Reproduce the listing below word for word, with no pictures.

### Raw data
· · · · · · ·

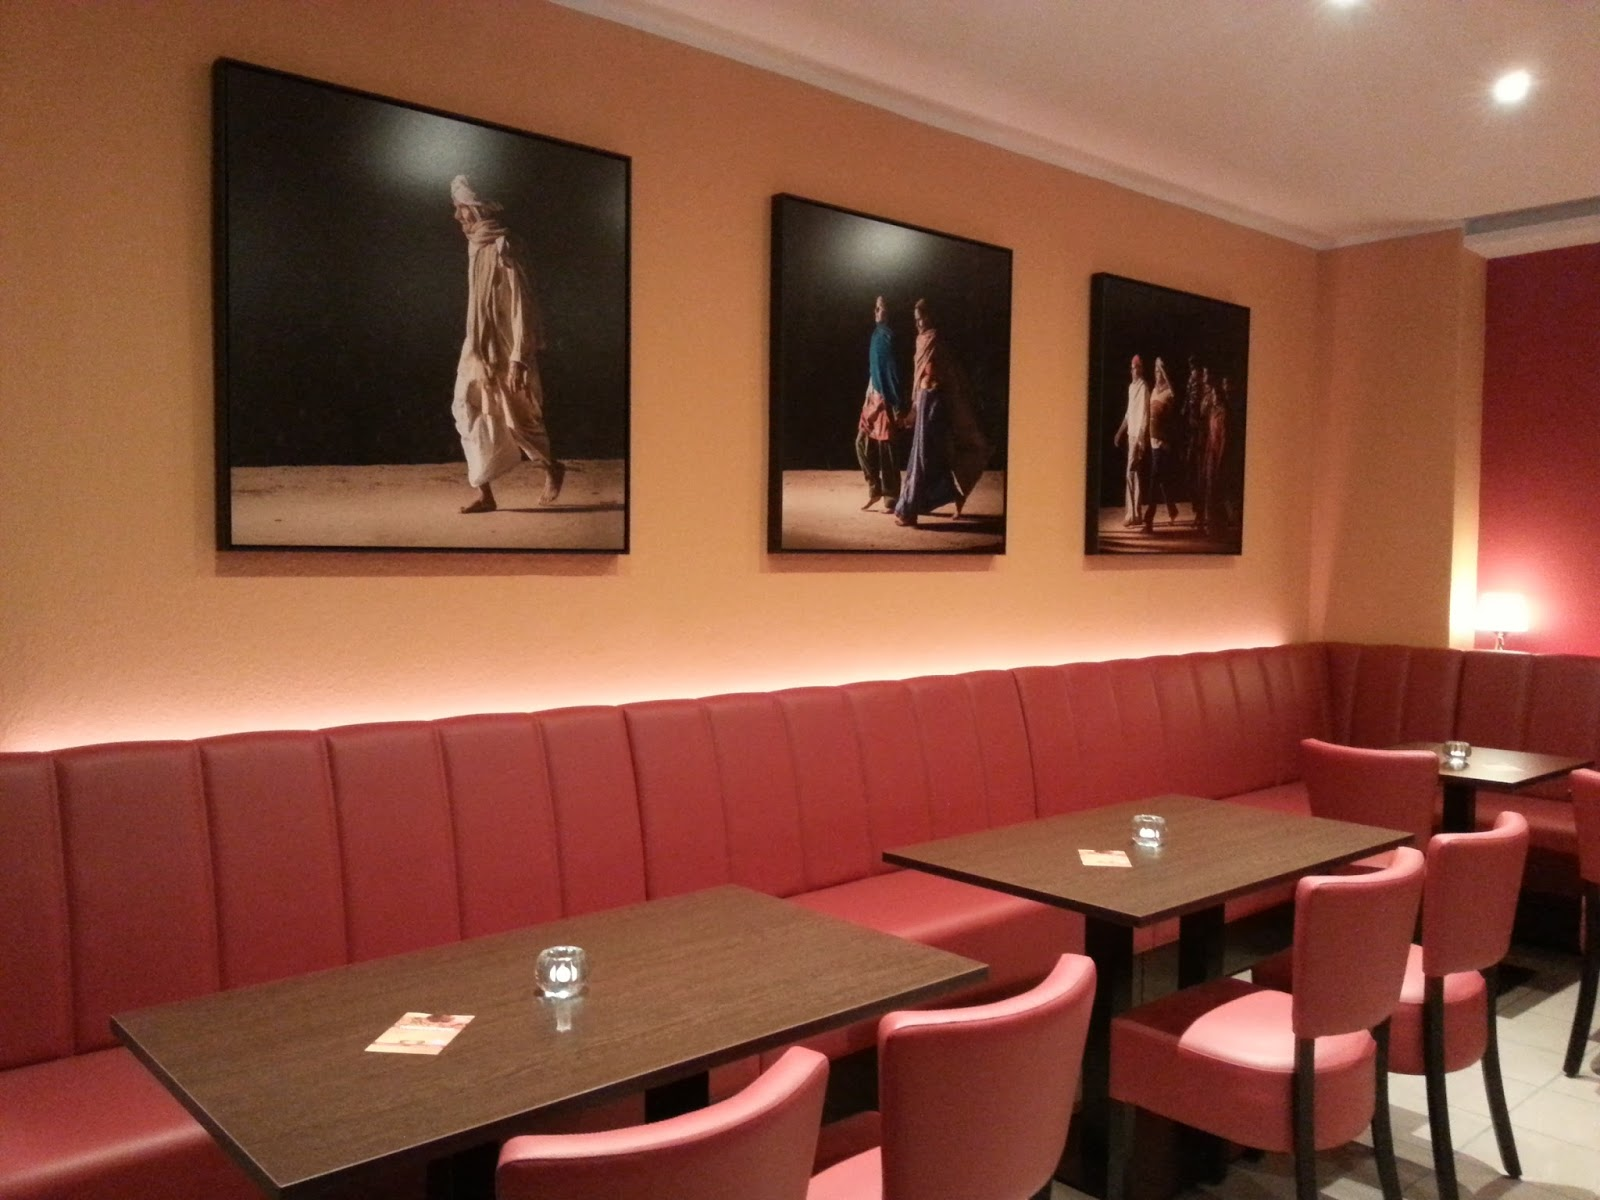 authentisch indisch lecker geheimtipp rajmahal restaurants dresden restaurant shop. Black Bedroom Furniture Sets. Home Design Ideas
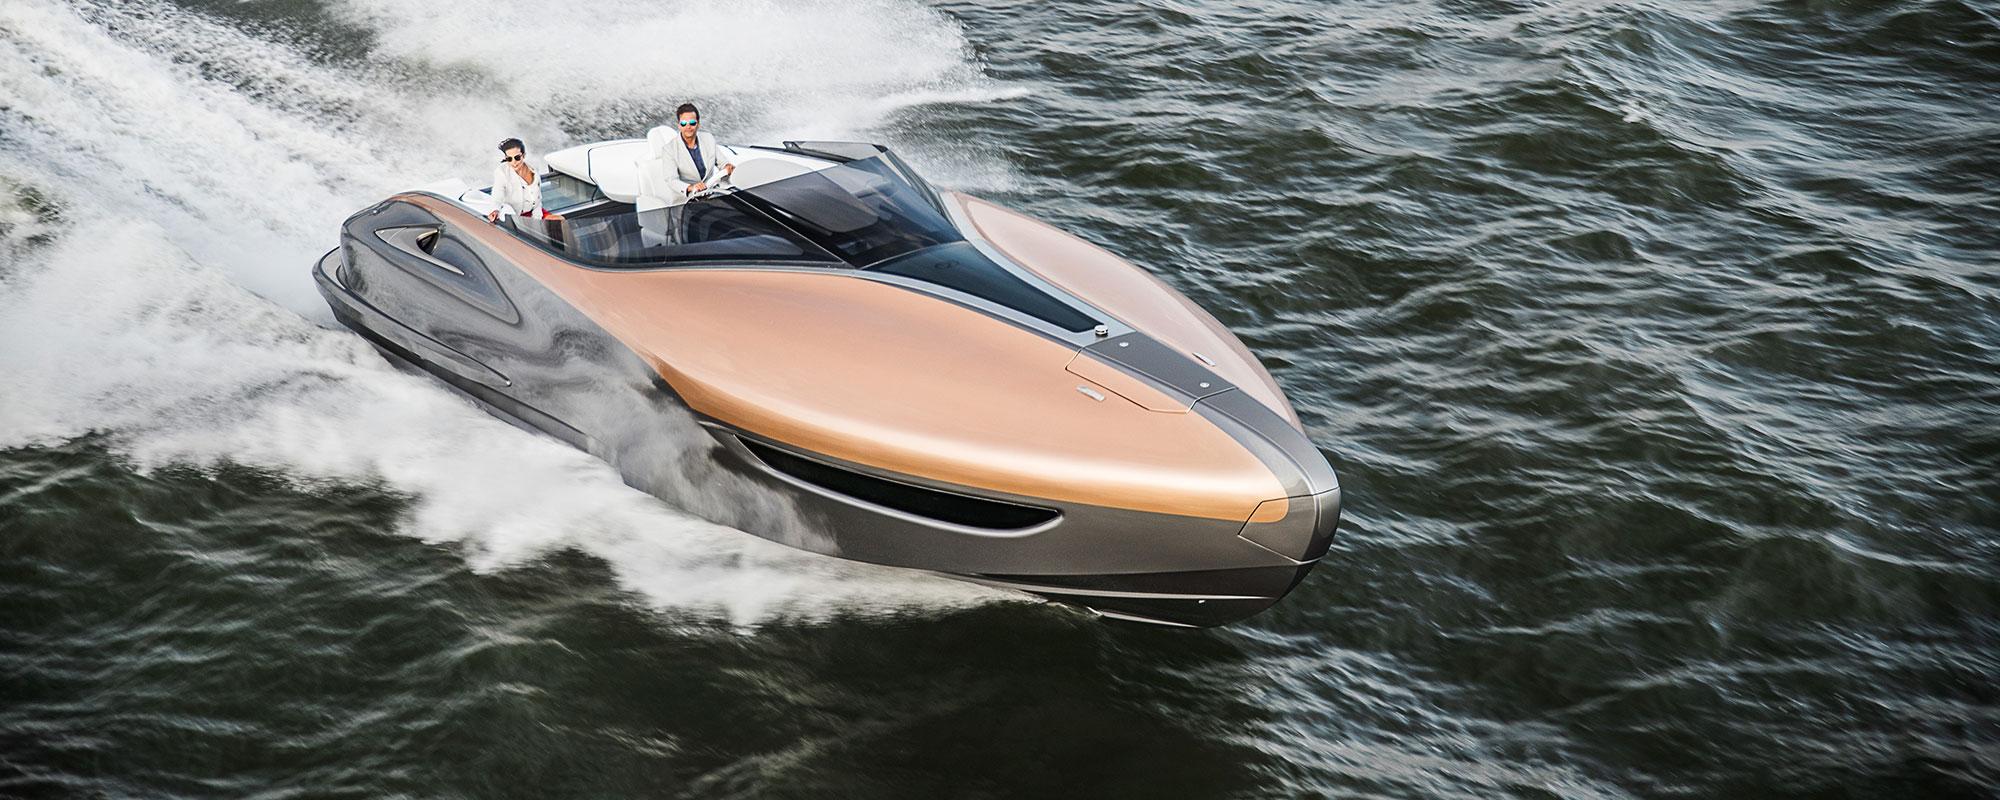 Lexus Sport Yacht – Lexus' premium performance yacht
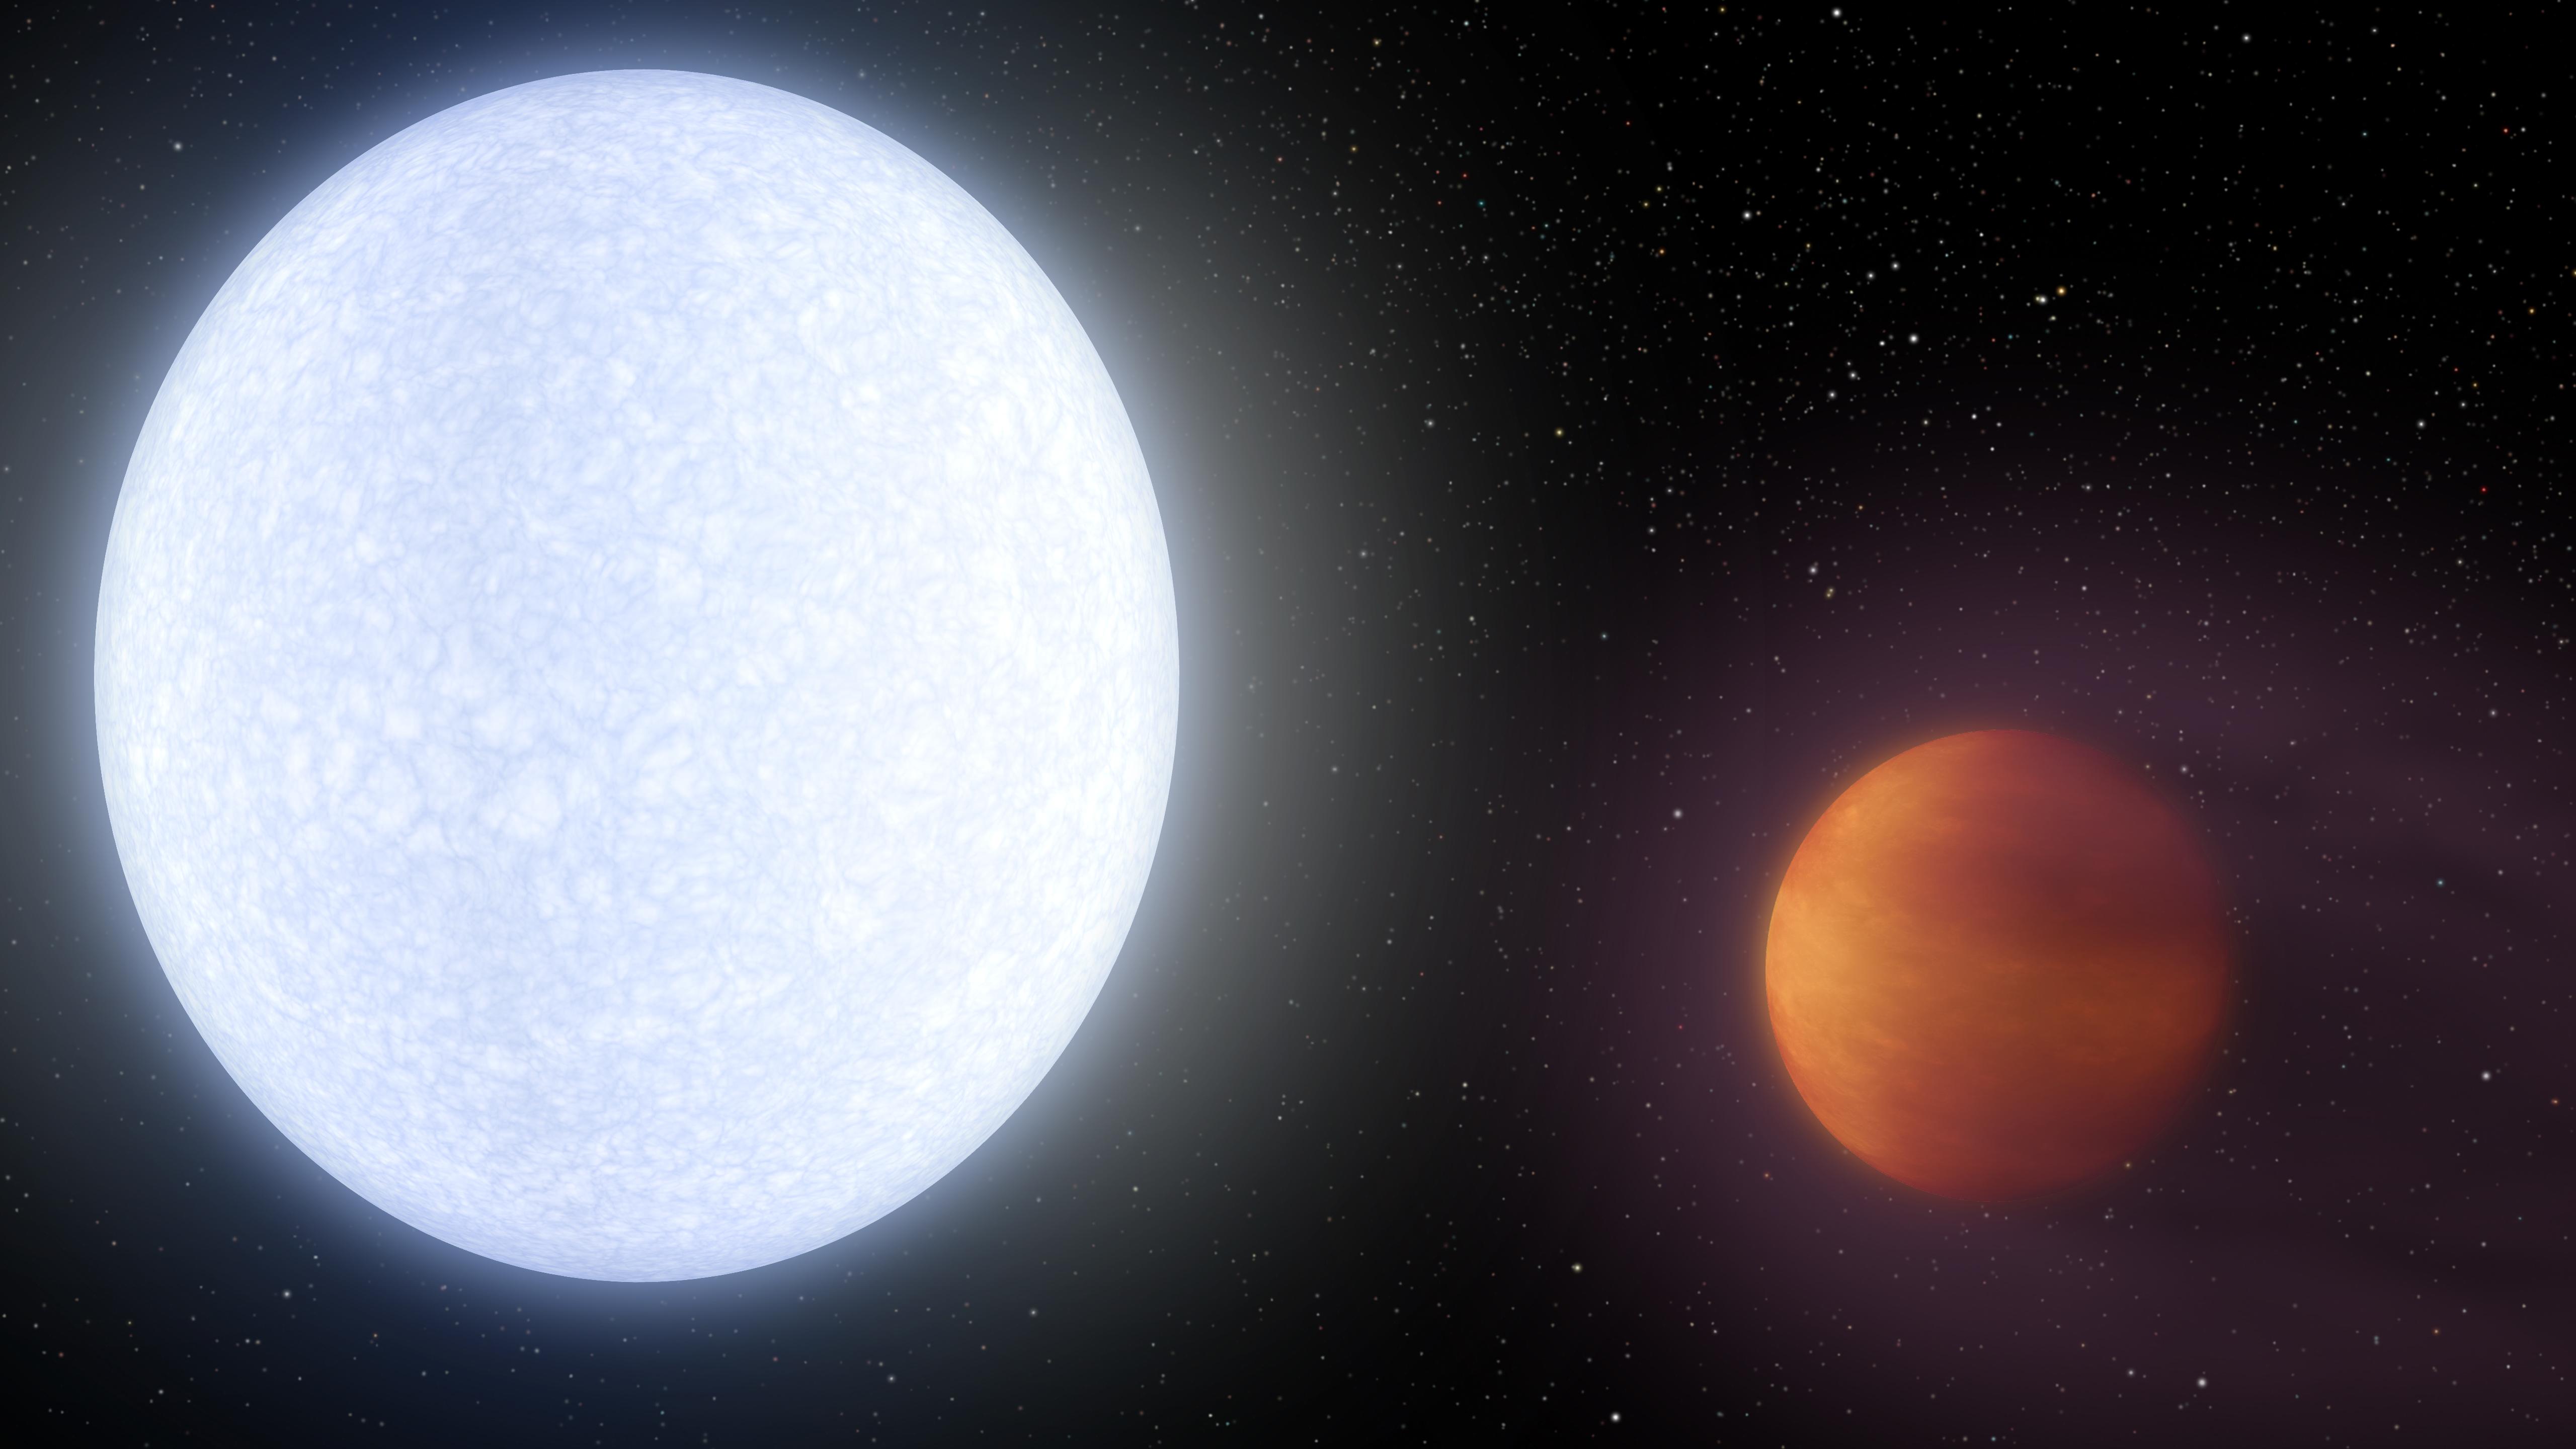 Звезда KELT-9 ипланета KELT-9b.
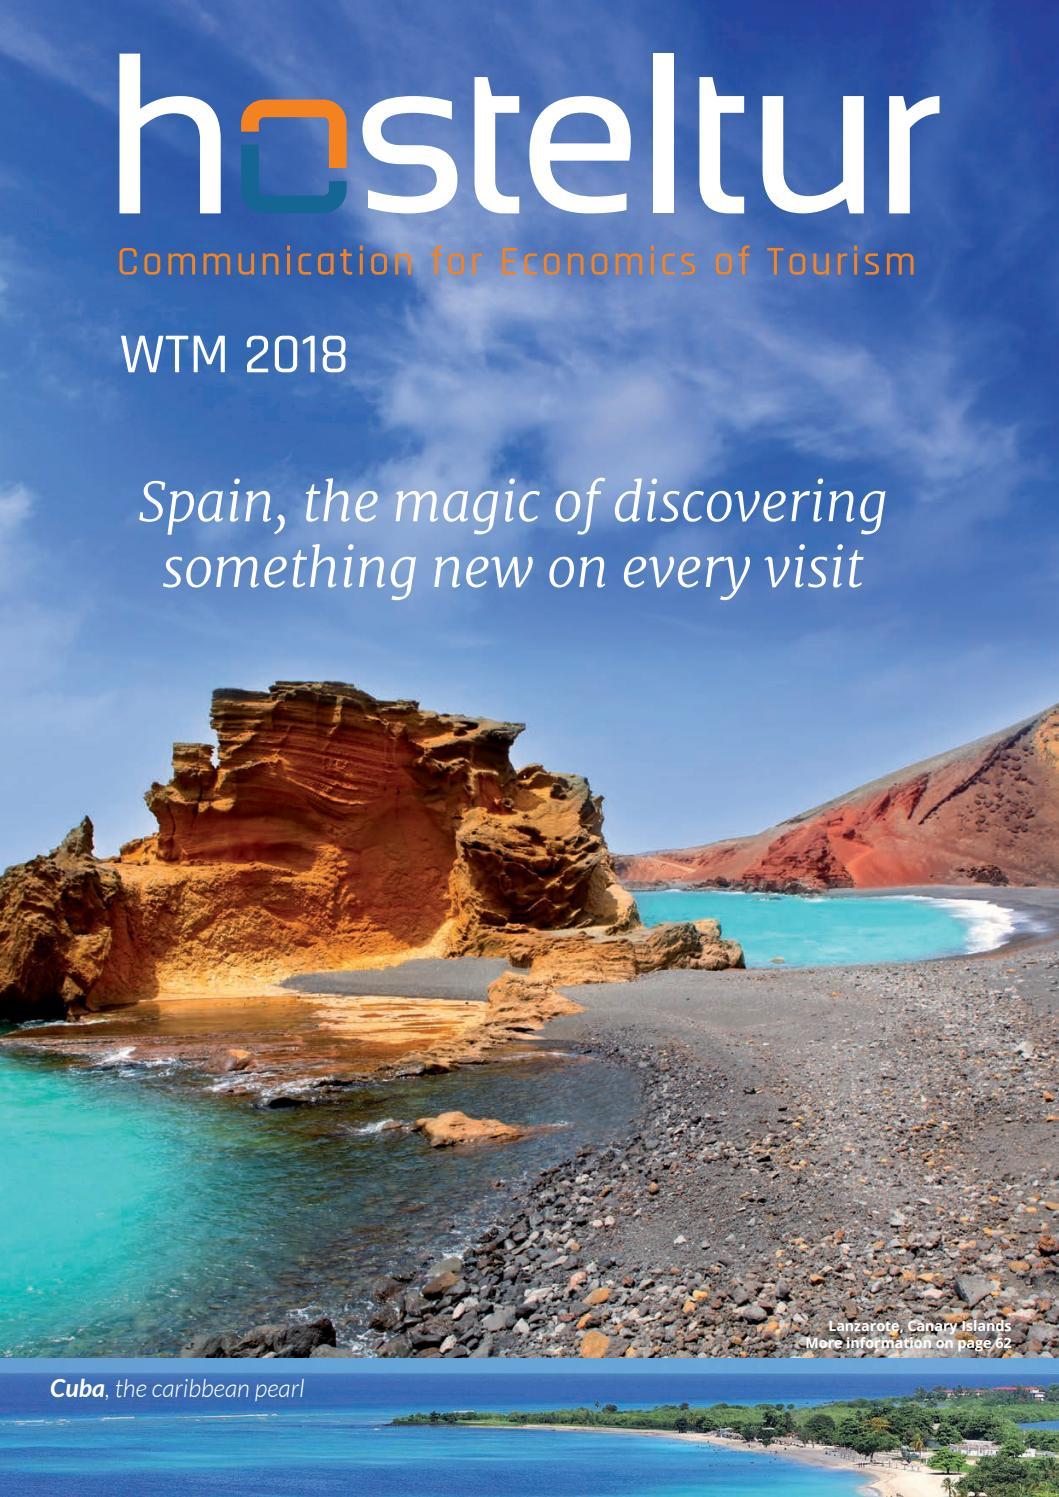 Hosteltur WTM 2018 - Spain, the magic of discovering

· · · · · · ·

### Answer below
 authentisch indisch lecker geheimtipp rajmahal restaurants dresden restaurant shop. Black Bedroom Furniture Sets. Home Design Ideas
 Lexus Sport Yacht – Lexus' premium performance yacht
 Звезда KELT-9 ипланета KELT-9b.
 Hosteltur WTM 2018 - Spain, the magic of discovering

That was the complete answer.